Vincas are ideal for a hot African summer garden as they flourish in warm temperatures. This bright and bold annual are very versatile and grow particularly well in containers and baskets due to their drought tolerance.


Violas, also called pansies or violets, are pretty small-flowered annuals or short-lived perennials that self-seed and give years of visual pleasure. These little flowers are also edible and add a special touch to salads and garnishes. Violas grow best in cool climes but can bloom throughout the winter in warmer zones.


Tiarella, also known as the foam flower, is a charming, shade-loving foliage plant with deep green foliage and sprays of small, attractive flowers. These wonderful woodland perennials grow well in shade garden containers with well-watered and well-drained potting mixes.


The bright little “faces” of pansies are garden favorites around the world and are ideal for both spring and fall vertical gardens. The cool-weather plants have heart-shaped, overlapping petals that come in a wealth of bright, pretty colors and patterns. Pansies are ideal for small containers and vertical gardens as they don’t need much space to flourish.

Best Plants for a Water-Wise Vertical Garden

Succulent plants and cacti grow naturally in dry, desert environments, tucked in crevices in rocks, or on the edges of cliffs where there is very little soil, so growing them in a vertical garden is ideal.  Cacti and succulents can be grown from cuttings by simply placing them in soil and watering them sparingly.

Cacti and succulents use less fertilizer and water than most other plants, so they are fairly easy to maintain in a vertical garden and can be arranged to create a beautiful focal point in your living space.

Good choices of succulents and cacti for a water-wise vertical garden include:


The classic “desert rose” succulent look spectacular in a vertical garden and can be arranged in patterns for a unique look. Pretty flowers appear in summer to add a splash of color.  


(Pictured above) – As their name suggests – ‘always living’ – these are a hardy succulent. Sempervivum is a hardy, an alpine succulent that will happily grow in a vertical planter and they are good planting partners with Echeveria.

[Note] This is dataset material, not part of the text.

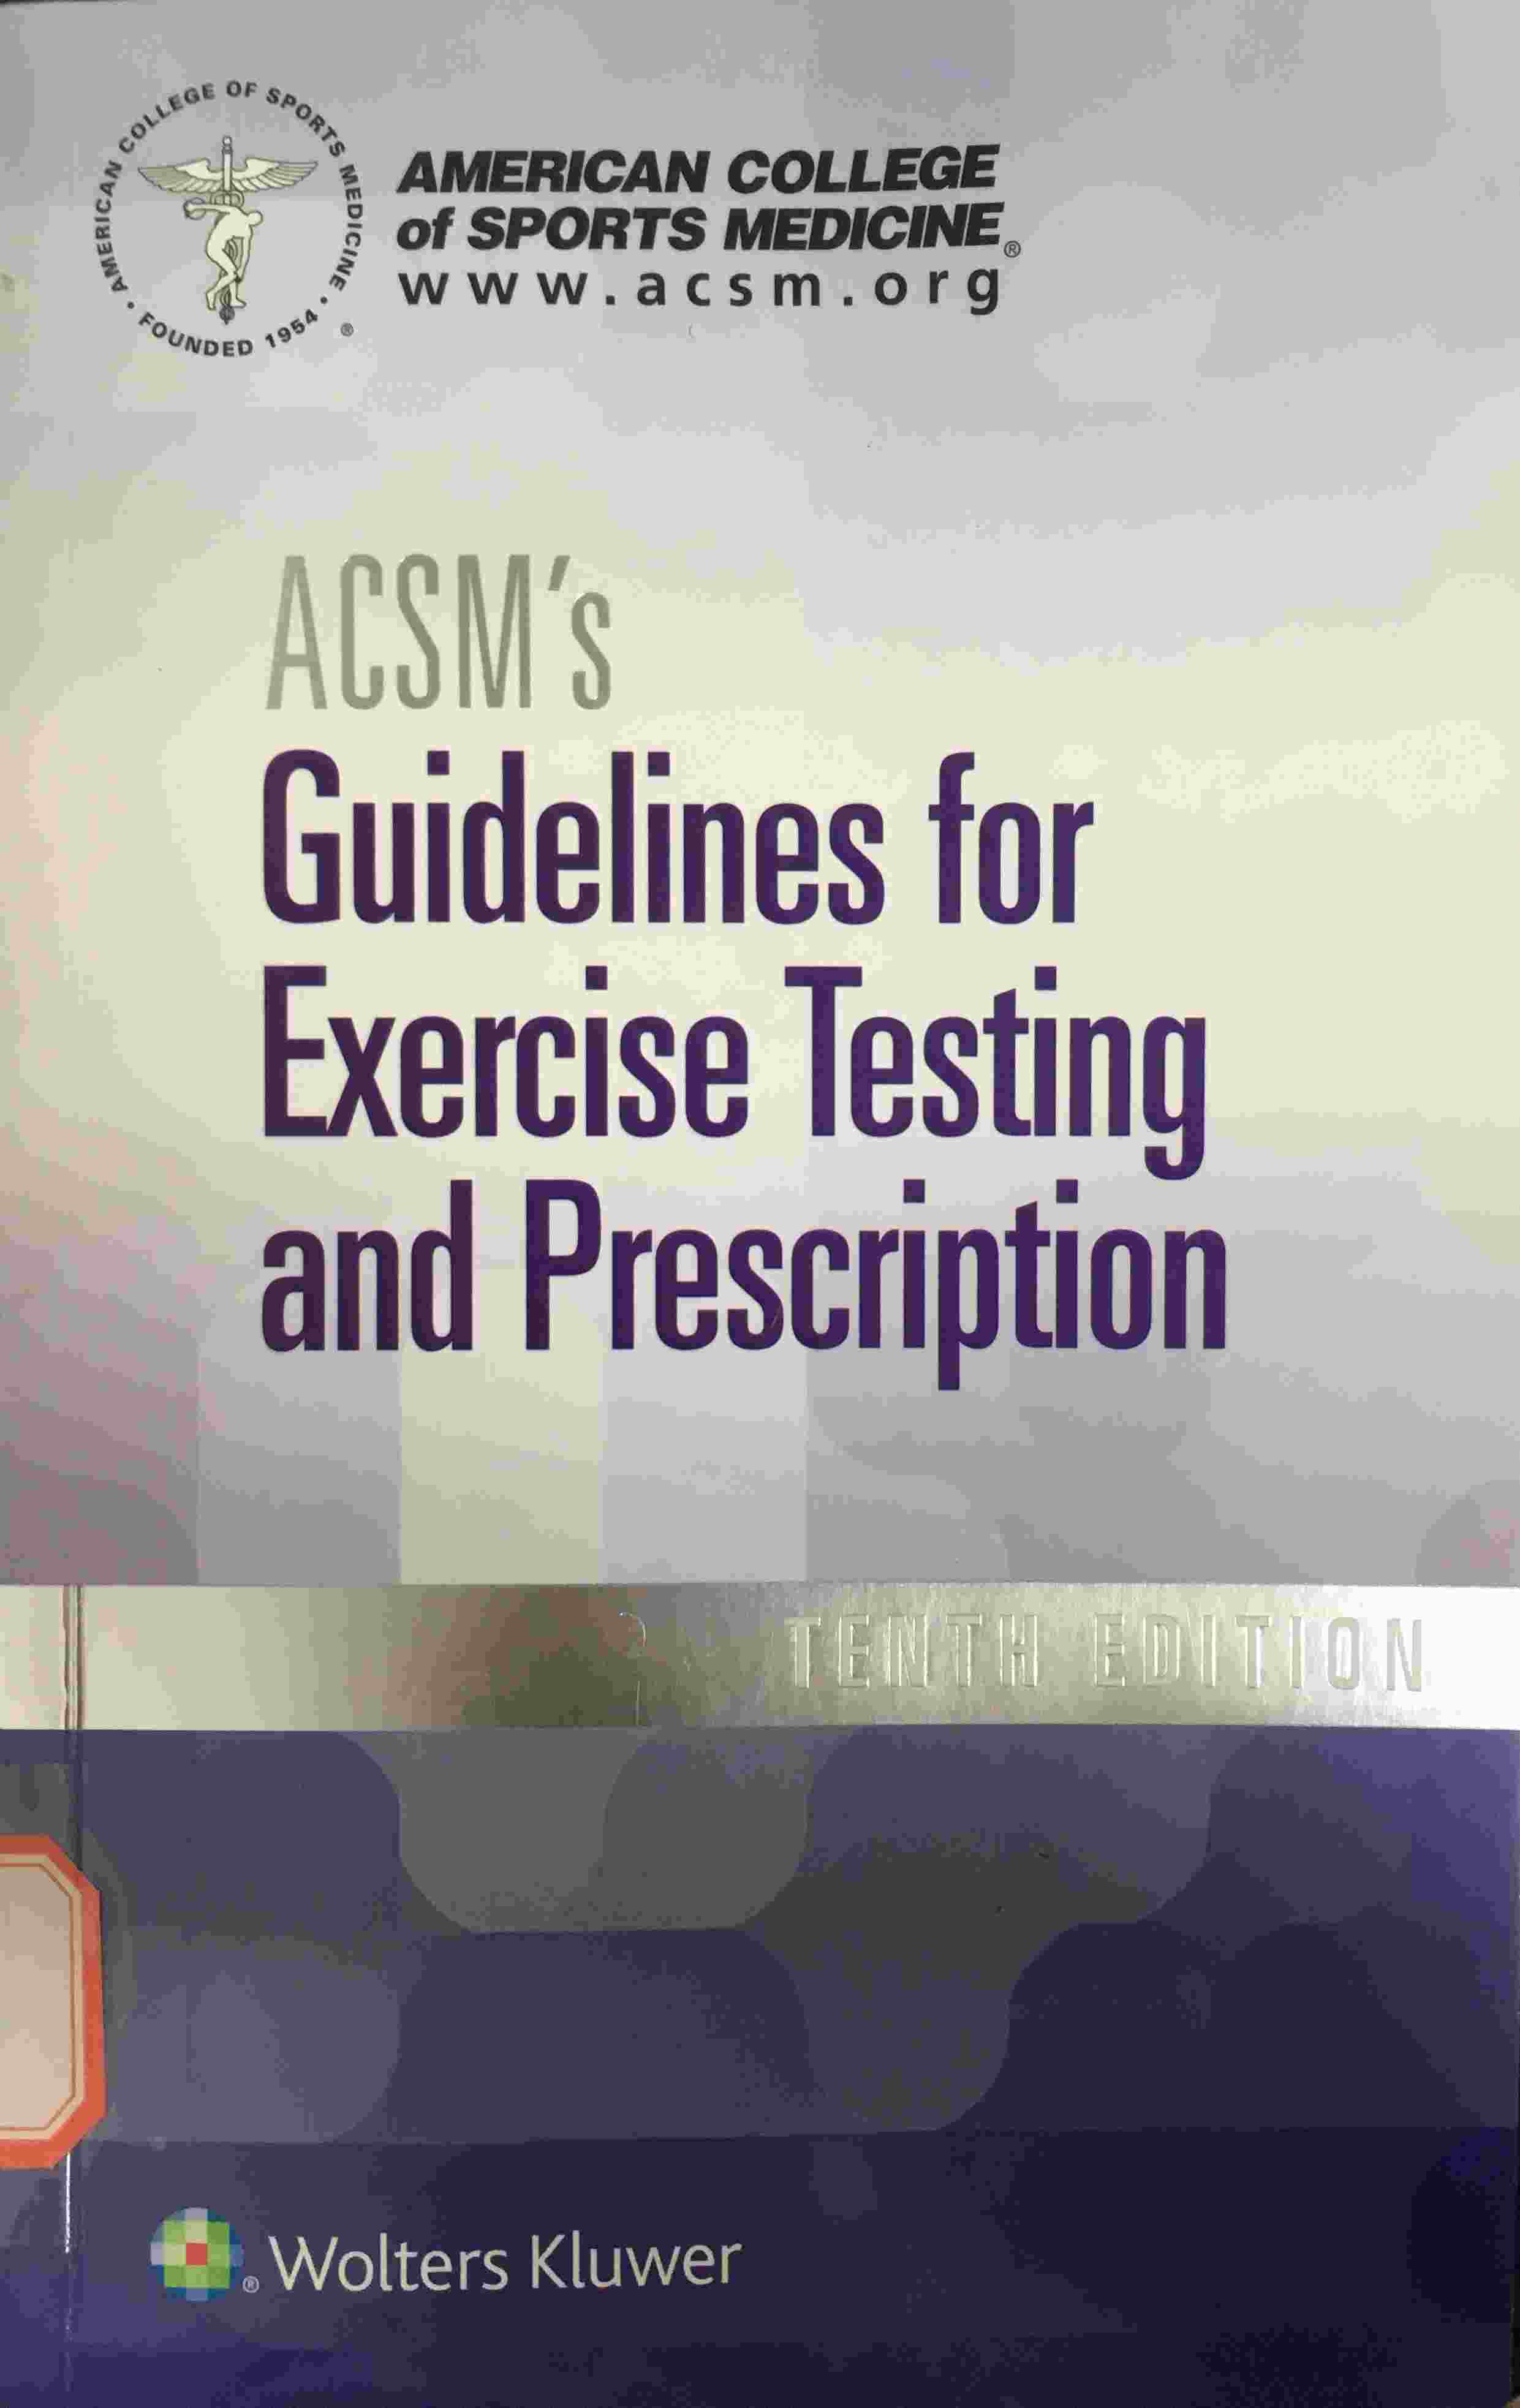 «ACSM’s Guidelines for Exercise testing and prescription»
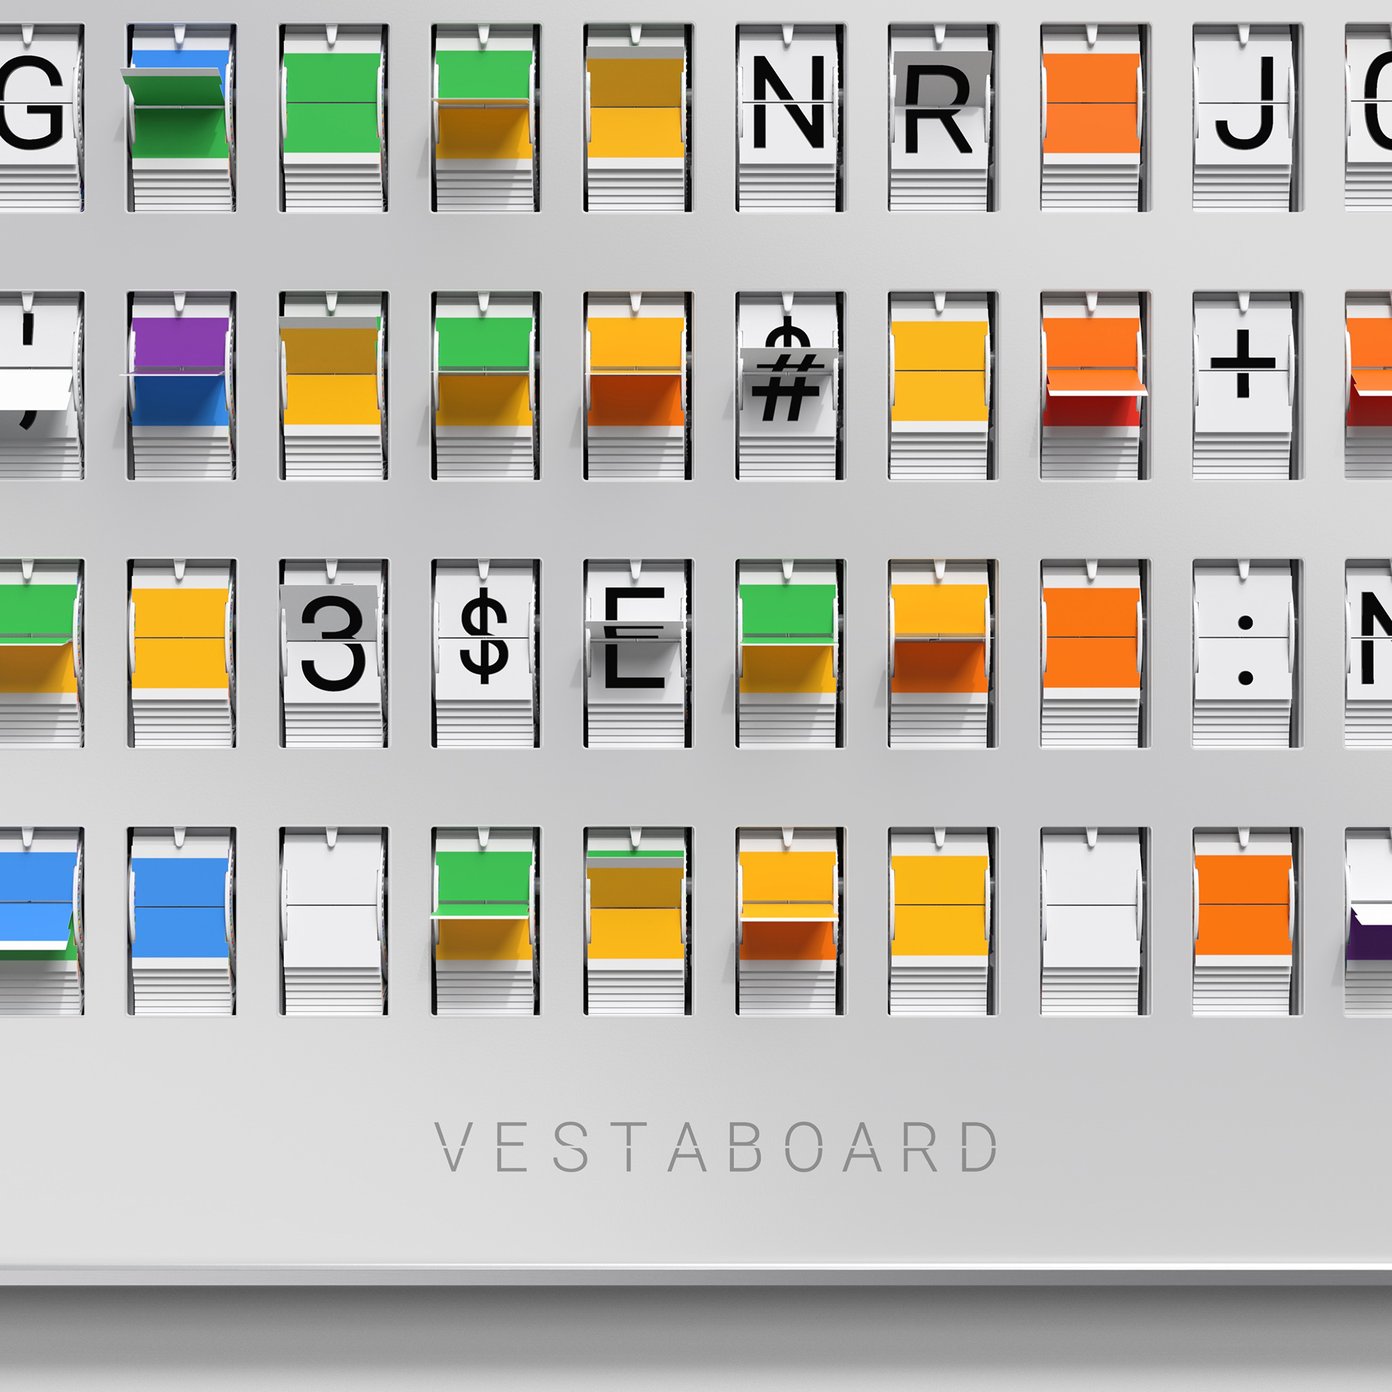 Vestaboard messaging display combines the best of the physical and

Crassula is a South African native succulent that grows well both indoors and outside. These succulents need pruning though as they grow quickly and can look untidy if not managed.


Sedum (Latin for “sit”) is an excellent choice for a vertical garden as it fills any unsightly gaps.

Final Thoughts

A vertical garden is a wonderful way of adding the color, fragrance, and beauty of a traditional garden to a small space. Vertical gardens can be created with an array of flowering plants, herbs, cacti, and succulents and set up on vertical frames, trellises, or hanging containers and pots.